▸ **What is needed**:
Copy, from the data below, every line that has "Size" in it.

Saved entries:
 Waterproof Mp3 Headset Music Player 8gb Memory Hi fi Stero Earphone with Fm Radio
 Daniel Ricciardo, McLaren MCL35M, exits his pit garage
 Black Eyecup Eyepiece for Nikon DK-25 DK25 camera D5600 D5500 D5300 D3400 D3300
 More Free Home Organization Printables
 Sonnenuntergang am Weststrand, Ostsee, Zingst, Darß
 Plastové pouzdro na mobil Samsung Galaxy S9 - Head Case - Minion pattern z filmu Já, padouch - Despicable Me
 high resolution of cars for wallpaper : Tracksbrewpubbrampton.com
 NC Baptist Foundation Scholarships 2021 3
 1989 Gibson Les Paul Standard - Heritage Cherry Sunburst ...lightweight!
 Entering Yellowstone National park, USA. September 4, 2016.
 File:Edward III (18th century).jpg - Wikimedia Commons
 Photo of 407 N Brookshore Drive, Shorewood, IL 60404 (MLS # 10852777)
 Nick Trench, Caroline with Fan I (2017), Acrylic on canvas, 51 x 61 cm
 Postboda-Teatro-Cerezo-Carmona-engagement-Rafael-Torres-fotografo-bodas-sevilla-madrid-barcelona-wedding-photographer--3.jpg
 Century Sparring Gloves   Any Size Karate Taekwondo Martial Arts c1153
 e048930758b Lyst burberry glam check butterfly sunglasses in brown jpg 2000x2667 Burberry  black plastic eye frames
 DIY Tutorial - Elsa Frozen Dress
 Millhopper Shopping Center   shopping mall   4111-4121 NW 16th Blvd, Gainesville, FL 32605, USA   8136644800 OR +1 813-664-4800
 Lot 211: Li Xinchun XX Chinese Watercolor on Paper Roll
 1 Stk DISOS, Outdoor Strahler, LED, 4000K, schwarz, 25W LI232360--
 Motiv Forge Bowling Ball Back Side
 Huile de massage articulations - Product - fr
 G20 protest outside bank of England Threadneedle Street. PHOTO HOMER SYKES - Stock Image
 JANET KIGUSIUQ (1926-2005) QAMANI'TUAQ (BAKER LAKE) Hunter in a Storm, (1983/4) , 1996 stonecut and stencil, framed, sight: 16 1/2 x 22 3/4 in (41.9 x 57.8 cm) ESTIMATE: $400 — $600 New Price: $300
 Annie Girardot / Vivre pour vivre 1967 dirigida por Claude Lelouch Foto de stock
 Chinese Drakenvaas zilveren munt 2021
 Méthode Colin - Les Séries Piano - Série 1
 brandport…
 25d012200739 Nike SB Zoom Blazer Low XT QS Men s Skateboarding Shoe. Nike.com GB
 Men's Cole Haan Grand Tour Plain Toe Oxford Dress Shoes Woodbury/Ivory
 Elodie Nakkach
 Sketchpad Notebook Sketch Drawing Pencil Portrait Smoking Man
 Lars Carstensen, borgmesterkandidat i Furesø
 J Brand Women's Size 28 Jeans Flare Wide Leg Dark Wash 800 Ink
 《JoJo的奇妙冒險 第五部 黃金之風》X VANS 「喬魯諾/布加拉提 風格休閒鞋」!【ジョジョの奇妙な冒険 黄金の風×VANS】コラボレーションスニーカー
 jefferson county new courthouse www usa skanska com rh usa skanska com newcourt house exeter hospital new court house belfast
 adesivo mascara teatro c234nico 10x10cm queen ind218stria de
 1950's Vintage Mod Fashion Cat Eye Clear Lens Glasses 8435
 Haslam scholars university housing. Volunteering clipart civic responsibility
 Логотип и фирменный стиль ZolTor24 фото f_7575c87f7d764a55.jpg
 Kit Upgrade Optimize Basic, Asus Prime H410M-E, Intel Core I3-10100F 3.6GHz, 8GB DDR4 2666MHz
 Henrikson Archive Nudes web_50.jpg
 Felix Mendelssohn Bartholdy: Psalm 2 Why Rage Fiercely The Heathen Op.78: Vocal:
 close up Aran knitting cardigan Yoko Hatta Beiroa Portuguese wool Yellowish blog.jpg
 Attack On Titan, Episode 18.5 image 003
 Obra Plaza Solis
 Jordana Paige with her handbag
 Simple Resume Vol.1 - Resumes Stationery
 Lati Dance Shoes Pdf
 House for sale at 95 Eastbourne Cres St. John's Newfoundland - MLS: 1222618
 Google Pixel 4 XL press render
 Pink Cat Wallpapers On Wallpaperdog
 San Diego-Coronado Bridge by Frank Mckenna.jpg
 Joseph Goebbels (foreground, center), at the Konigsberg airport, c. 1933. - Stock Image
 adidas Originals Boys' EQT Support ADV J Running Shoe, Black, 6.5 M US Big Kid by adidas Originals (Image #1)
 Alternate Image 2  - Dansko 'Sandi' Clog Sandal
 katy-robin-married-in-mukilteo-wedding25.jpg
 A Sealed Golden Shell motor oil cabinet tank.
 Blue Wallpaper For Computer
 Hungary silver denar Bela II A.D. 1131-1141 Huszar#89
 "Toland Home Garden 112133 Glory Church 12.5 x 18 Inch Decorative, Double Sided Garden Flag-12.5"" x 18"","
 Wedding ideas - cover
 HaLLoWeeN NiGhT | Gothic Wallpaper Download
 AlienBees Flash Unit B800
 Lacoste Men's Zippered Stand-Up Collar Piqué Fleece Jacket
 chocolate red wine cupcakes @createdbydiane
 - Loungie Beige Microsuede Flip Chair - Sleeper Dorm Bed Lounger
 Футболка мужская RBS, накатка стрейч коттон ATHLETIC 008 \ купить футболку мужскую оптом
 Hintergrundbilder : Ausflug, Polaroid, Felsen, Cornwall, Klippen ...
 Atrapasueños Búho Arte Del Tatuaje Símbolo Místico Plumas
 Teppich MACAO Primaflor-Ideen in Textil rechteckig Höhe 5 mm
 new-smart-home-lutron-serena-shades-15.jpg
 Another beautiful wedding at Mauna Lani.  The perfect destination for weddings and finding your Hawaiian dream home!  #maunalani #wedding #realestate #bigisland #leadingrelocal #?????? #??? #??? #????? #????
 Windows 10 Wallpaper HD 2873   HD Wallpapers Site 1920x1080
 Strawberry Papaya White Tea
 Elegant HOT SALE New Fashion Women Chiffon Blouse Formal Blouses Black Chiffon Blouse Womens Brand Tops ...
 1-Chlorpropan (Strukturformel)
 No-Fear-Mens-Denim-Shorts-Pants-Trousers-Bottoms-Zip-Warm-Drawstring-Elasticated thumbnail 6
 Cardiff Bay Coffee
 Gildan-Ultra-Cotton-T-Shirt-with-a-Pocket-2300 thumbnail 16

▸ **Problem solution**:
 Century Sparring Gloves   Any Size Karate Taekwondo Martial Arts c1153
 J Brand Women's Size 28 Jeans Flare Wide Leg Dark Wash 800 Ink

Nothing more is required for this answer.